# Work request:
Down to the last line, set down the listing below exactly, apart from its pictures.

Top of Dataset extract

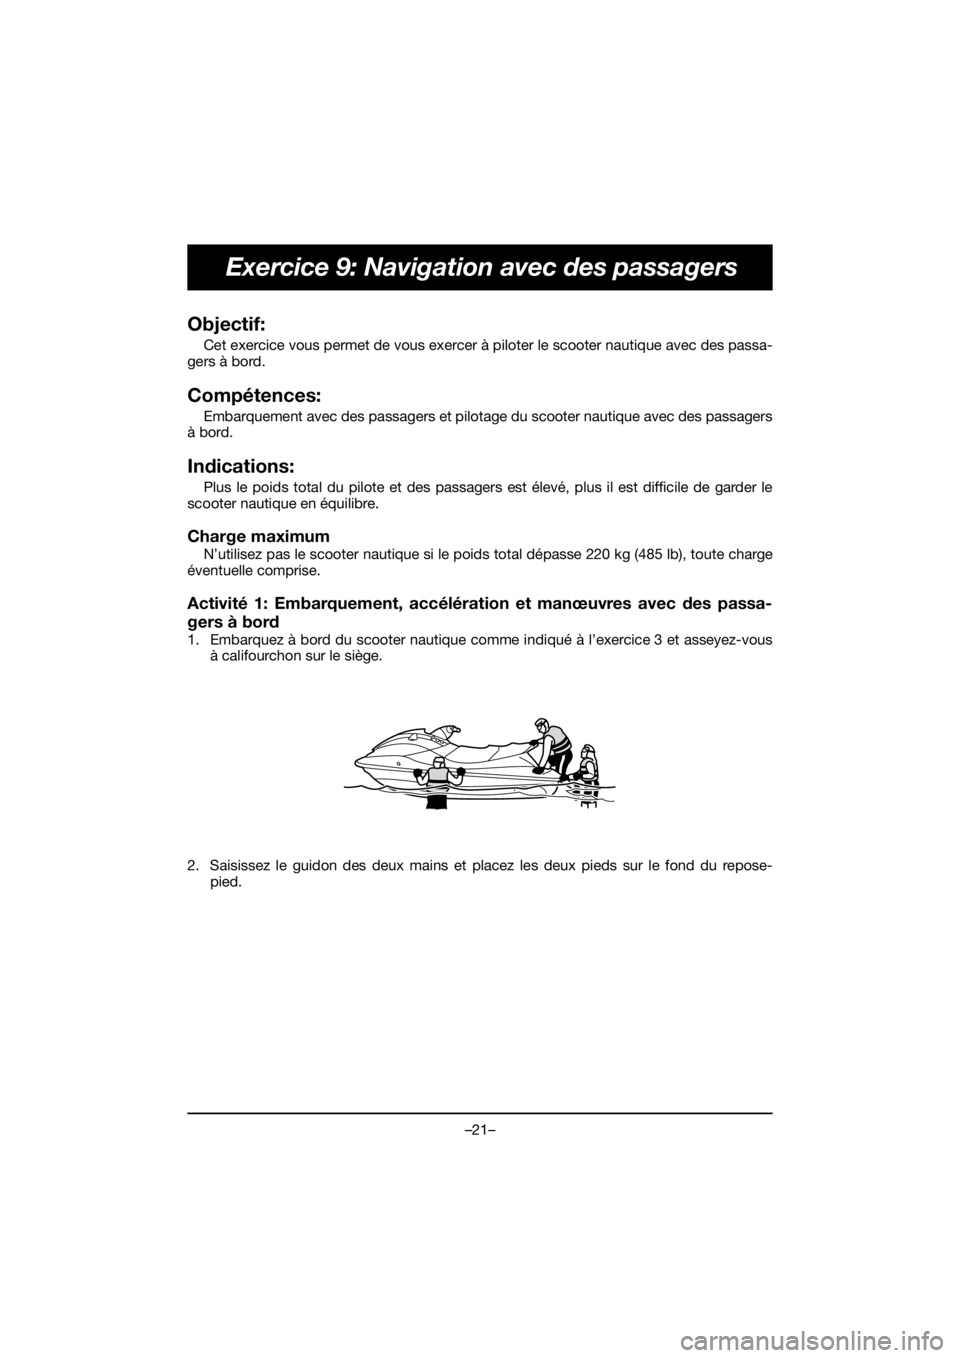 YAMAHA EX 2019  Manuale de Empleo (in Spanish) –21–
Exercice 9: Navigation avec des passagers
Objectif: 
Cet exercice vous permet de vous exercer à piloter le scooter nautique avec des passa-
gers à bord.
Compétences: 
Embarquement avec des
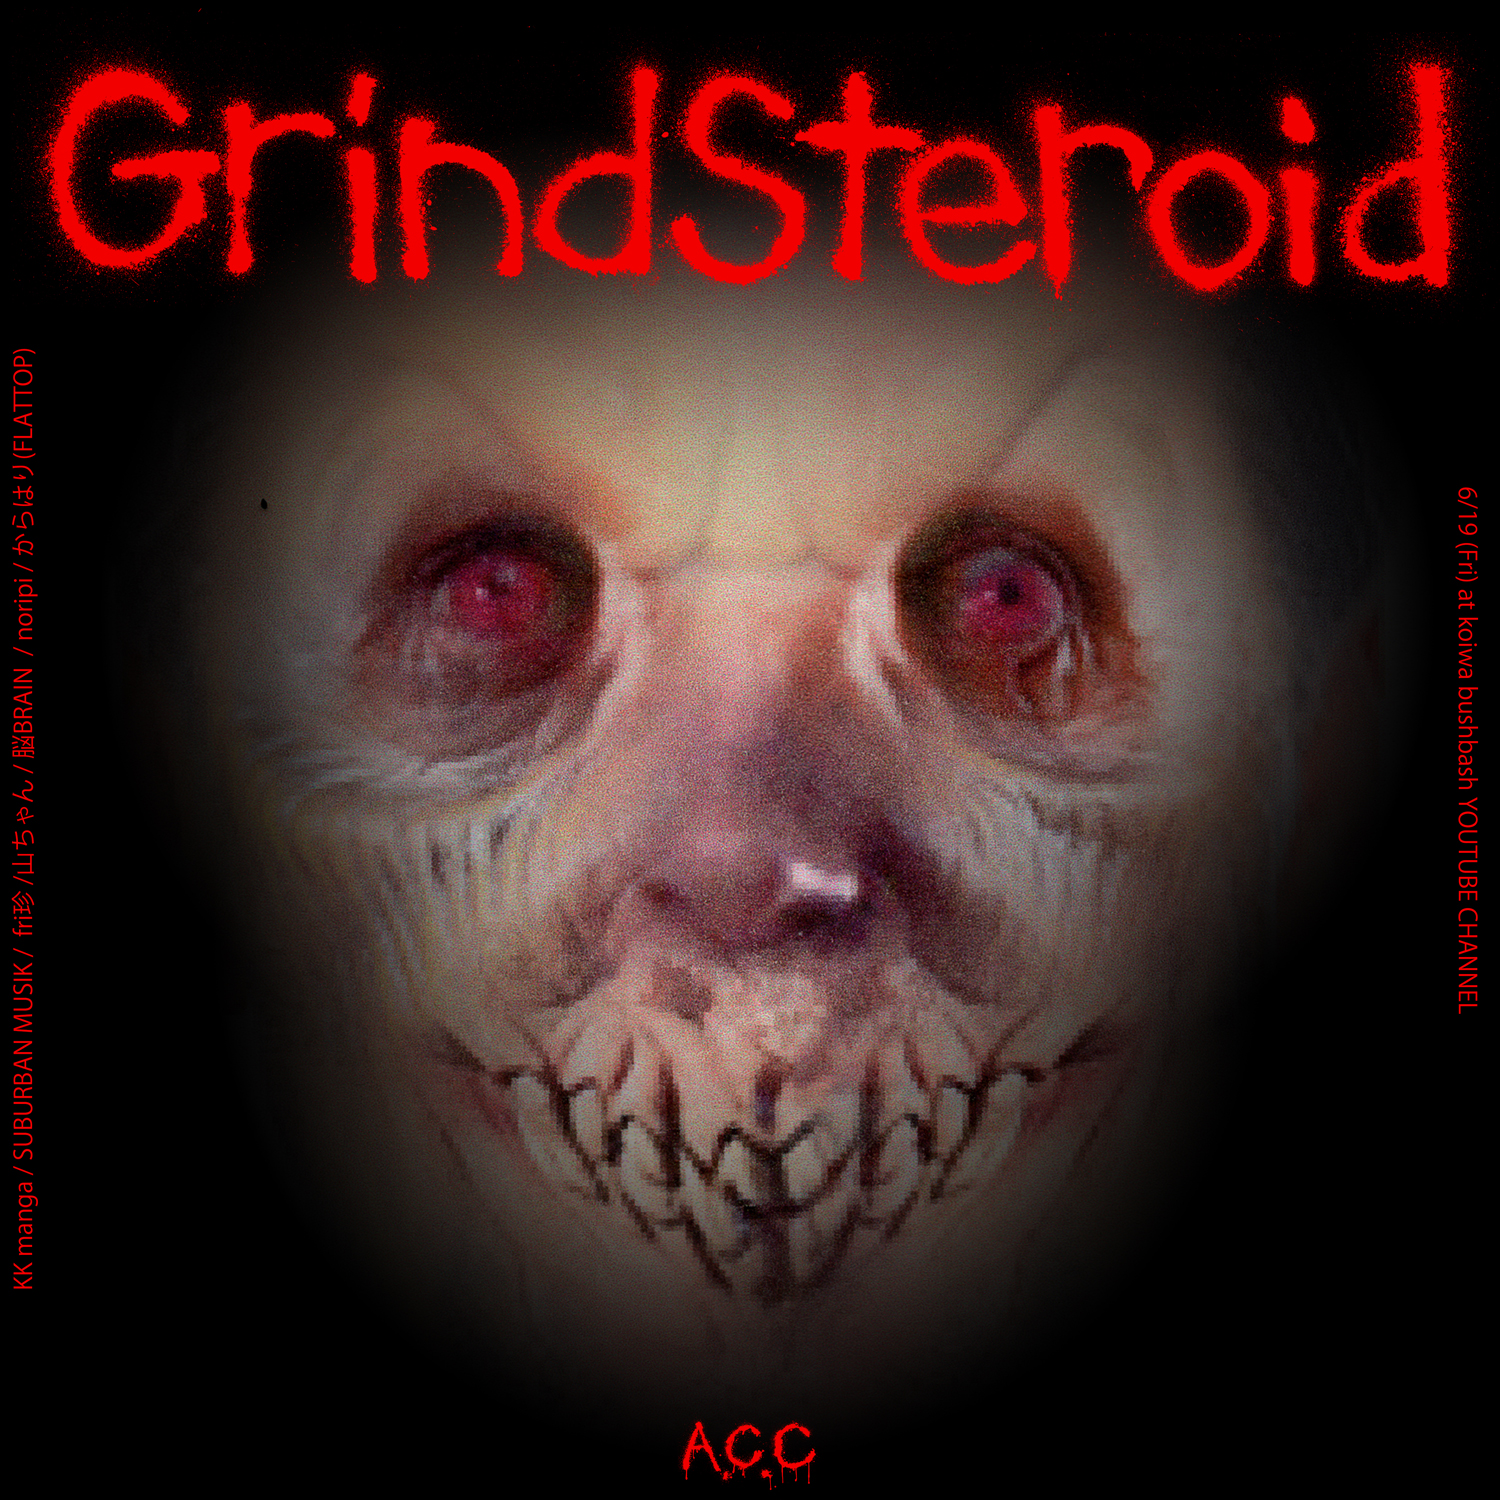 Grind steroid

Bottom of Dataset extract

# Output below:
 YAMAHA EX 2019  Manuale de Empleo (in Spanish) –21–
Exercice 9: Navigation avec des passagers
Objectif: 
Cet exercice vous permet de vous exercer à piloter le scooter nautique avec des passa-
gers à bord.
Compétences: 
Embarquement avec des
 Grind steroid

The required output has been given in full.